Kano Model and Release Planning

I am a regular attendee at the various meet-ups organised by different groups on meetup.com. All my groups revolve around technology, particularly Agile and product development. At one of these meet-ups, the speaker briefly mentioned the Kano model. My interest was aroused as I recalled having studied about it during MBA (and eventually forgotten). The speaker mentioned how the Kano model can be helpful in backlog prioritisation and release planning. That was enough for me to decide to learn more about it. This blog post is the result of that research.

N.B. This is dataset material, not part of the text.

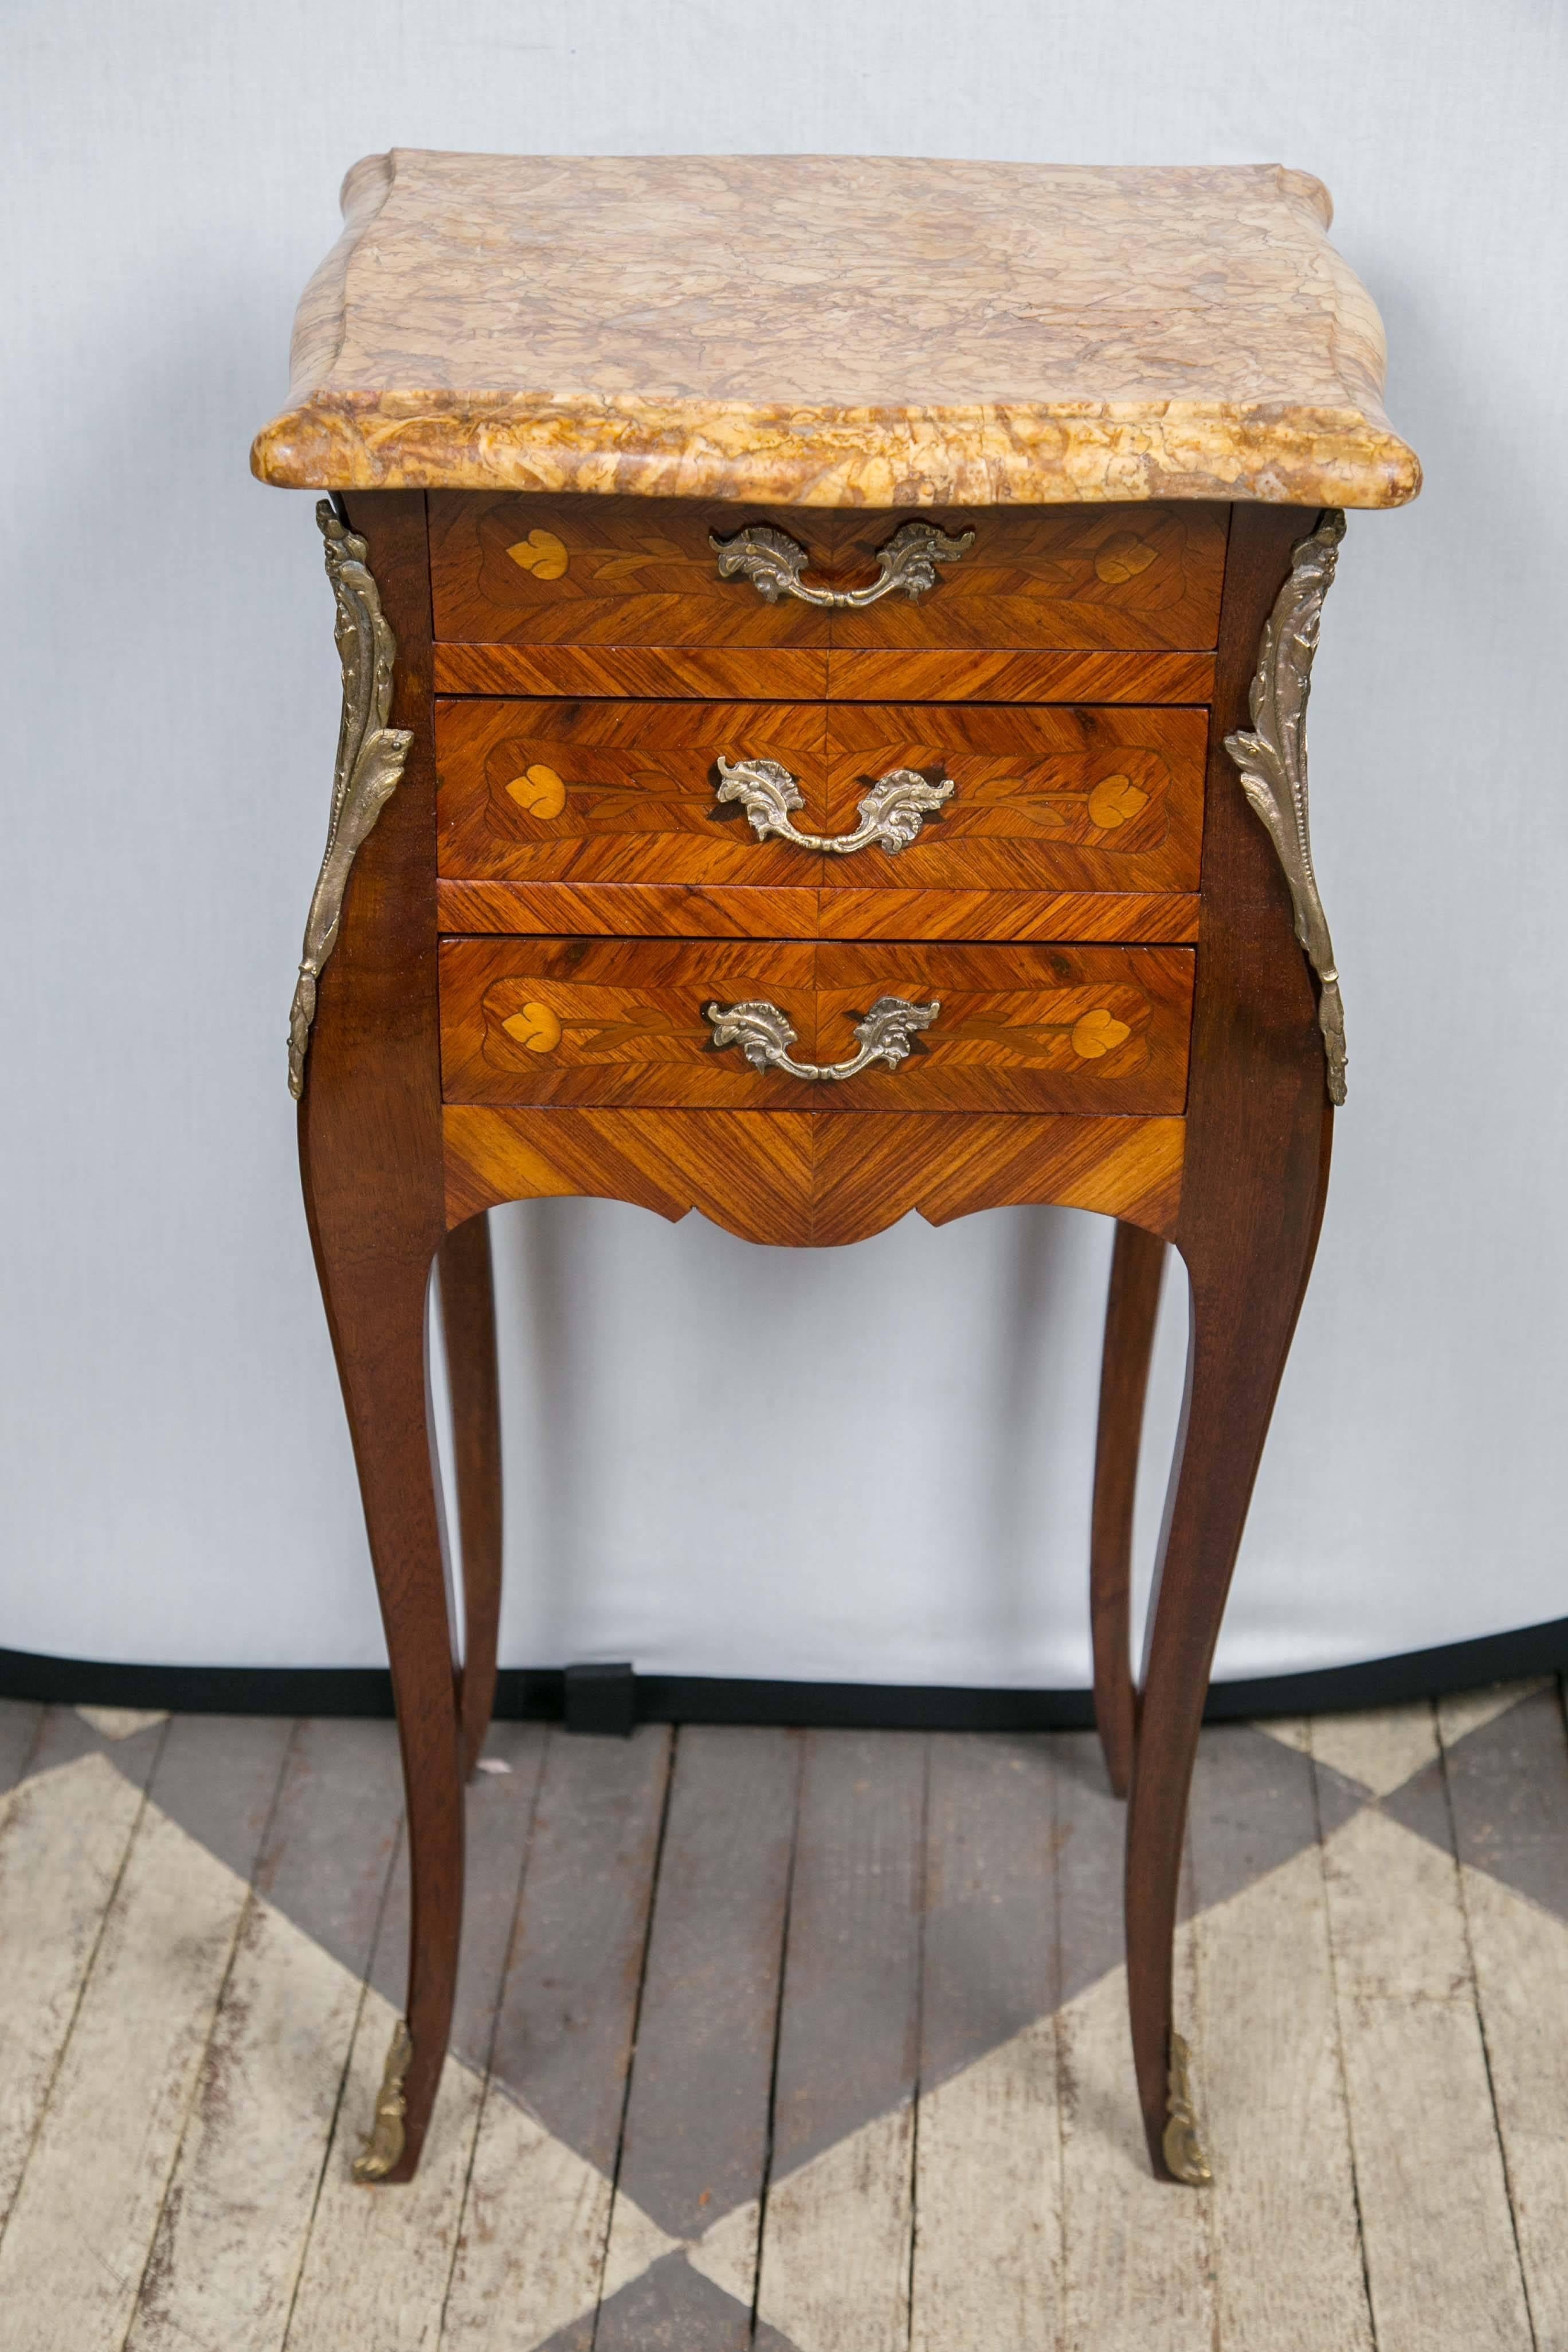 These are veneered in chevron pattern with inlays of simple flowers on the three-drawer fronts. Done in the Louis XV style, they have cabriole legs ending in applied bronze sabots on the front legs only. Shaped marble top, with ogee edge in hues of

I will briefly describe the model for those who are new to it. The Kano model is a technique developed by Prof. Noriaki Kano to identify customer needs and ways to satisfy them. While this model is studied with great interest by marketers in the making, it is equally important to product managers who would like to see their product grow in the market.

Kano Model

Image source: Wikipedia

The model plots the level of functionality provided on the X-axis and the customer satisfaction on the Y-axis. Customer needs (and the features developed to meet them) are divided as follows based on their position in the graph:

Basic Needs/ Dissatisfiers/ Must-be Quality/ Expected Needs/ Thresholds
All these terms are used to describe the needs (or features satisfying these needs) that fall in this category. This is the minimum level that must be met in order to enter the market. Even though they cannot satisfy a customer all by themselves, their lack may cause significant dissatisfaction or, possibly, abandonment of the product. For example the ability to send text messages from a phone. These needs correspond to “hygiene factors” in Herzberg’s Two-factor theory. When entering a market, even a small increment in functionality increases satisfaction by a significant amount. However, once a basic level of satisfaction has been achieved, the needle on satisfaction hardly moves by subsequent increments. On the positive side, once you reach the threshold, you don’t need significant investment to sustain it.

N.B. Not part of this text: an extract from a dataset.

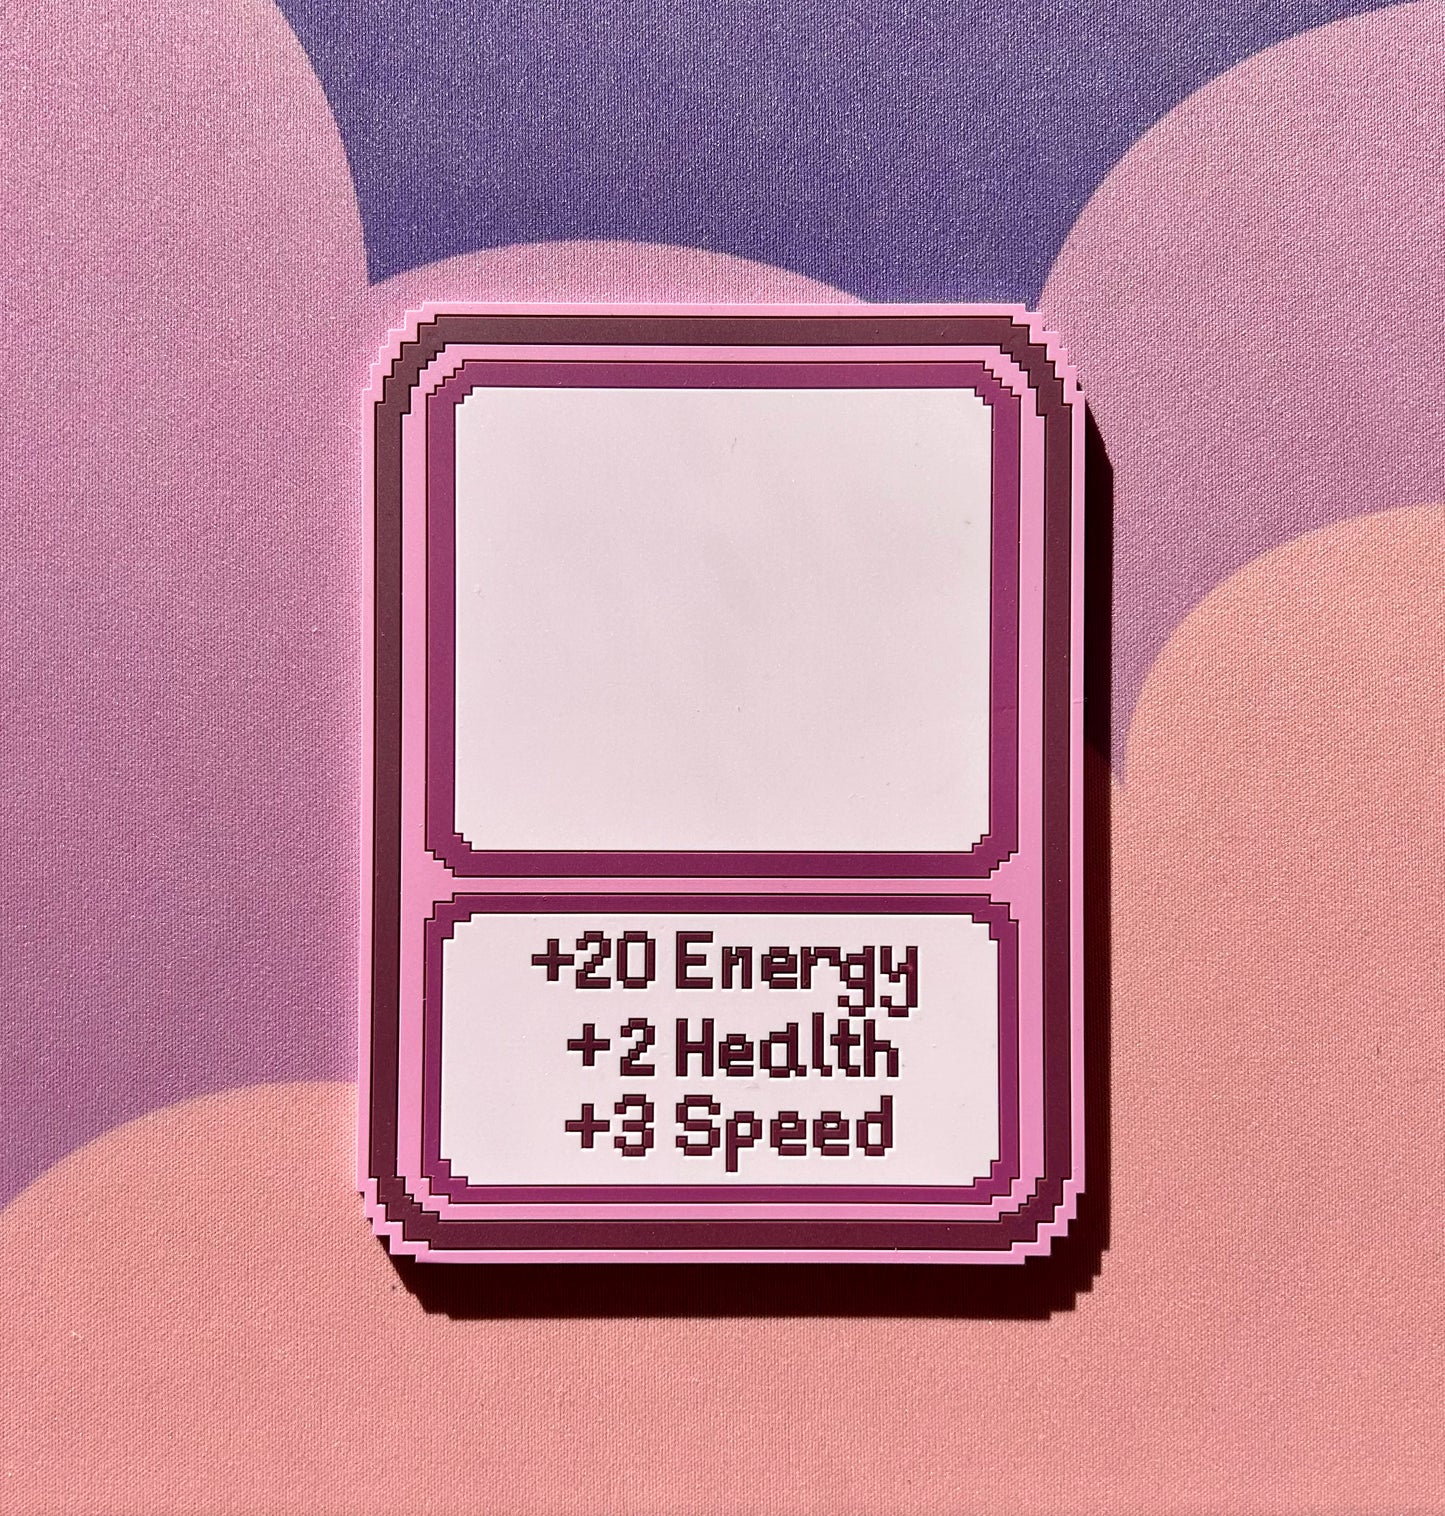 Drink Stats Coasters

Performance Needs/ Satisfiers/ One-dimensional Quality/ Normal Needs
Needs that have a direct correlation of satisfaction with the increment of change in functionality fall in this category. The more a product has of these, the more is the satisfaction. An example for this is the battery life of a phone (even though most of us usually change our phones before the battery’s life comes to an end). Based on the cash position of the company and its marketing strategy, it can continue to pour money into these type of needs and keep increasing its customers satisfaction proportionally.

Exciting Needs/ Delighters/ Attractive Quality
These needs are those that the customer is not necessarily aware of and is not expecting. But, they provide the “wow-factor” to customer experience and increase the likelihood of repeat purchase. Their absence does not decrease customer satisfaction but presence greatly increases it. These needs correspond to “motivators” in Herzberg’s Two-factor theory. For example, a free extended warranty plan with your phone. Over time, as competition matches your delighters, they could turn into basic needs. An example could be the front camera on a phone which was an exciting need a few years back but a phone without one would barely be able to make a sale today.

Indifferent Quality
The customers are indifferent to the presence or absence of these qualities and they do not affect his satisfaction. For example, (under normal circumstances) the quality of the box the phone is sold in.

Reverse Quality
As weird as it may seem, the presence of these “qualities” makes the product less desirable to the customer and affects his satisfaction adversely. For example, the iPhone 6 had a protruding camera to accommodate better optics but it was disliked by a lot of users worldwide.

Now how can we use the Kano Model for better Release planning and Backlog grooming? To start with, it might make sense to remove features that are perceived to fall under Reverse Quality or Indifferent Quality. You might not know these features upfront which is why market validation and lean analytics go a long way in identifying such features. You can choose to open the throttle on Satisfiers and Delighters based on your financial situation and your market strategies around your customer base (whether you want to expand it, retain it, consolidate it, etc.). However, it is worth investing in features that satisfy basic needs before going all out on delighters. Nobody has ever bought a car without a provision for spare tyre in the boot even if it had all the power under the bonnet!